Collected data
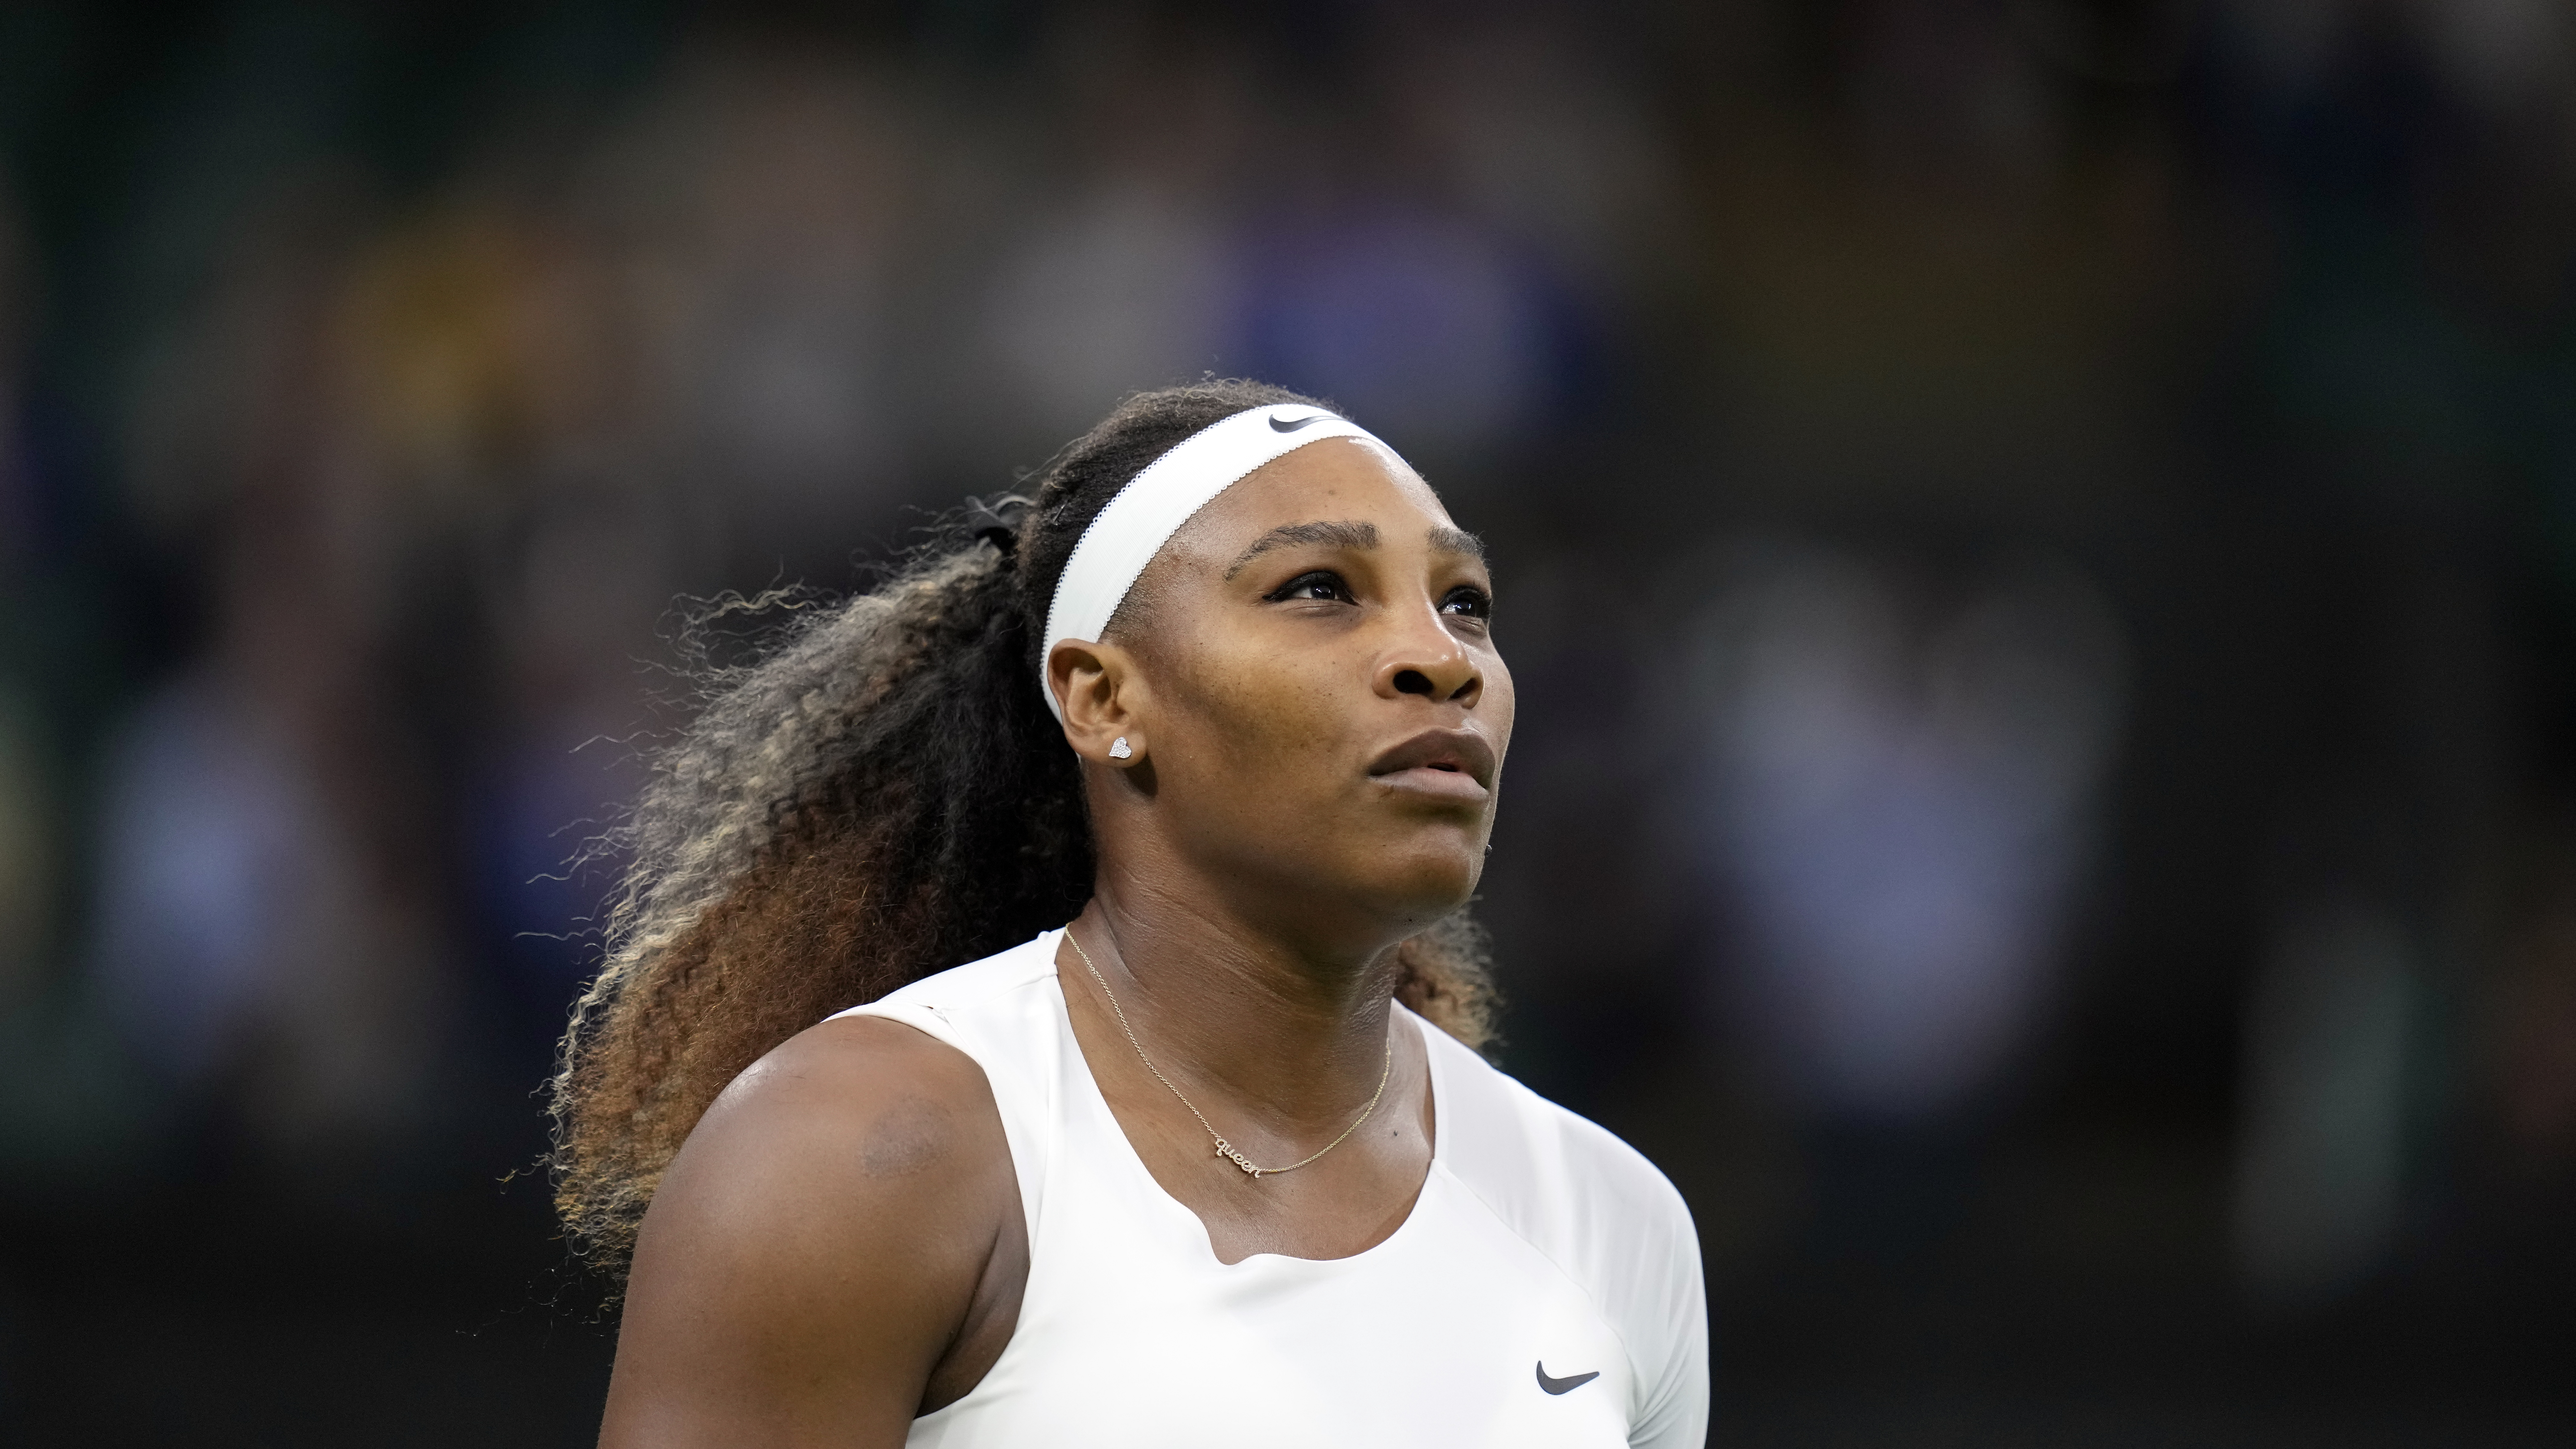 Serena Williams added herself to the list of big-name withdrawals from the U.S. Open.
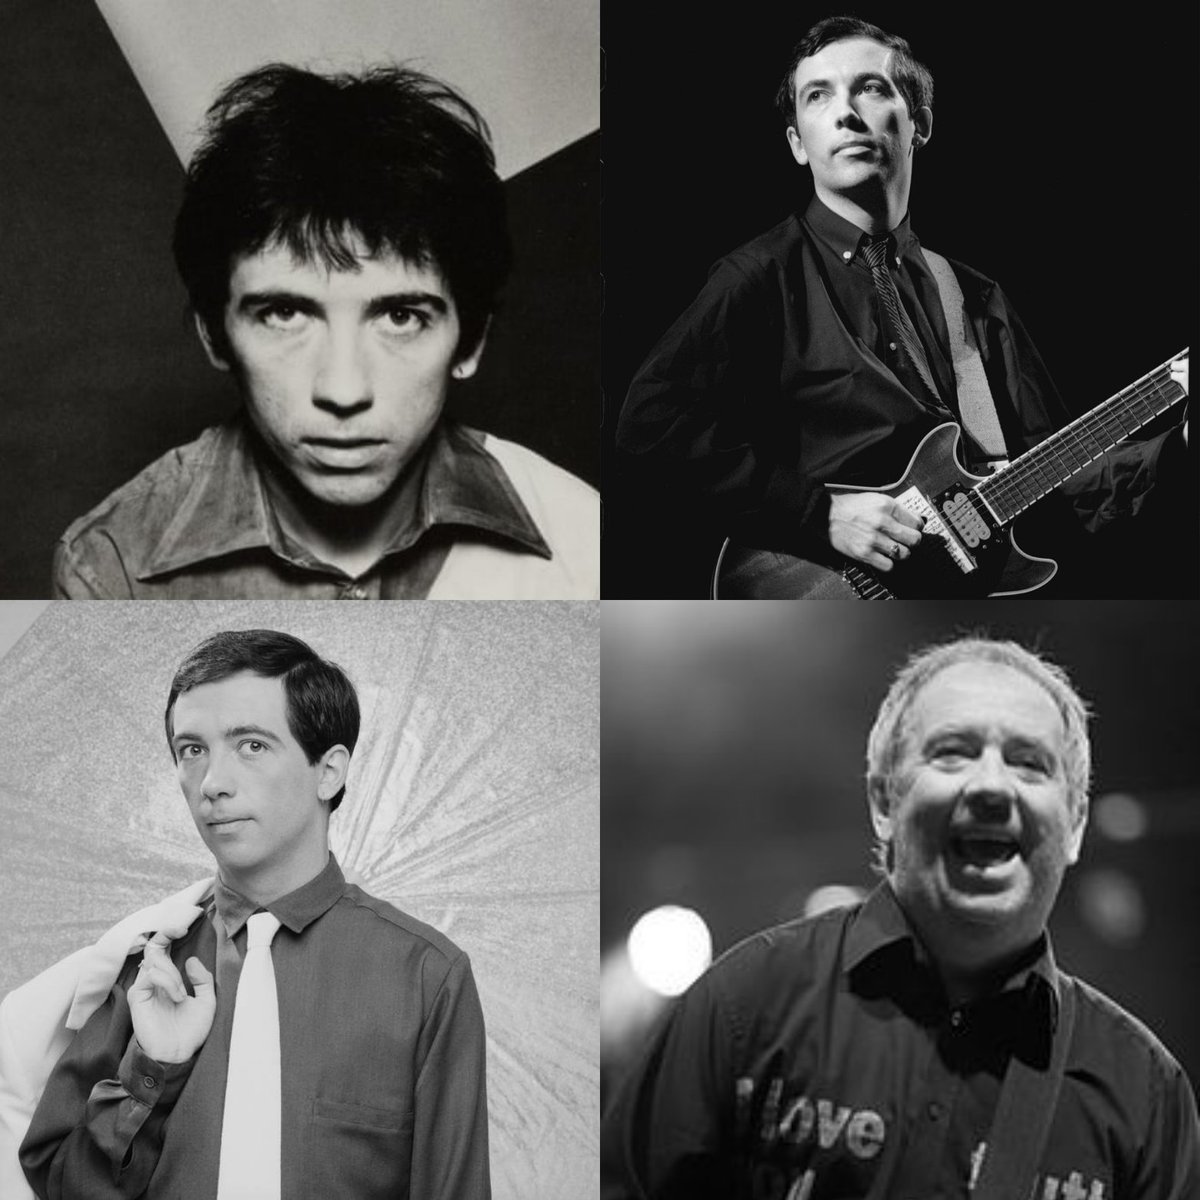 Remembering the 
late great #PeteShelley
born on this day in 1955.
What are your favourite 
#Buzzcocks & solo tracks?
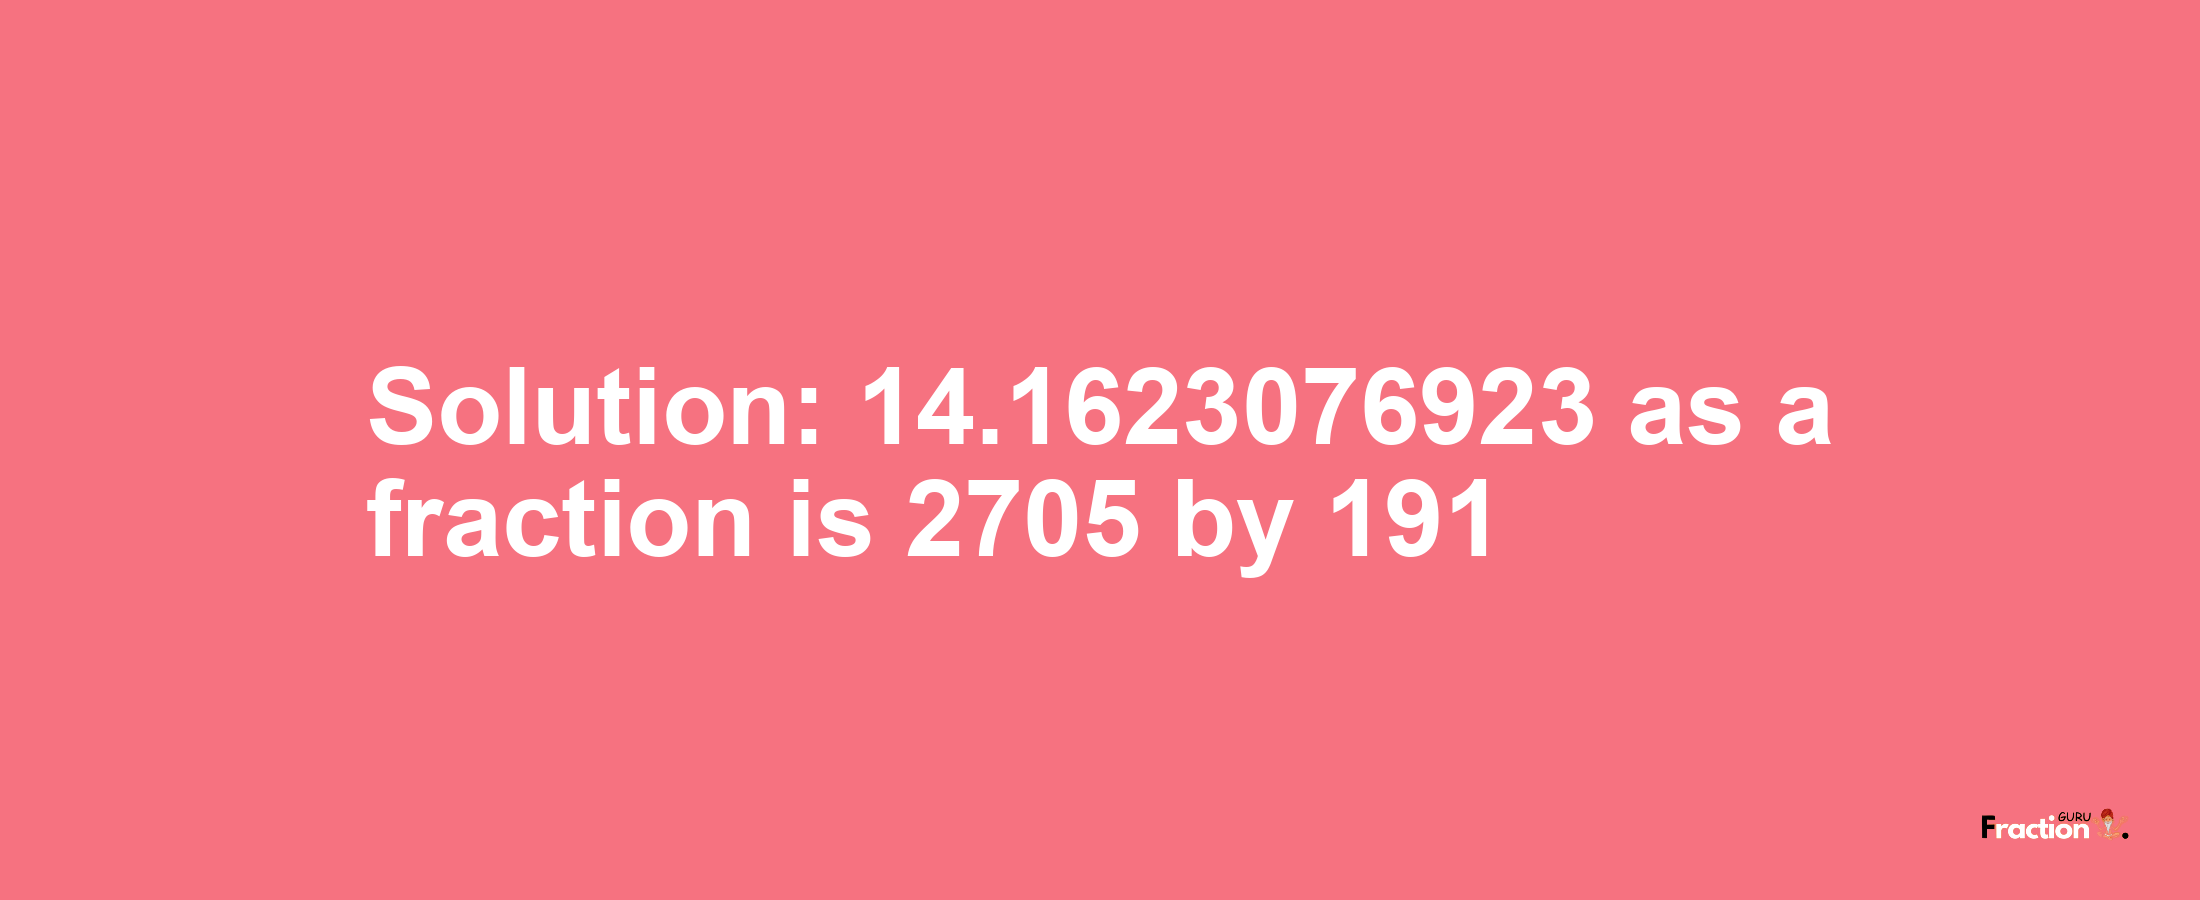 Solution:14.1623076923 as a fraction is 2705/191

### [What you need to do]
Only the lines from the one holding "born on this day in 1955." through the last line of the records should be output, please, exactly and without any pictures.

### [Your response]
born on this day in 1955.
What are your favourite 
#Buzzcocks & solo tracks?
 Solution:14.1623076923 as a fraction is 2705/191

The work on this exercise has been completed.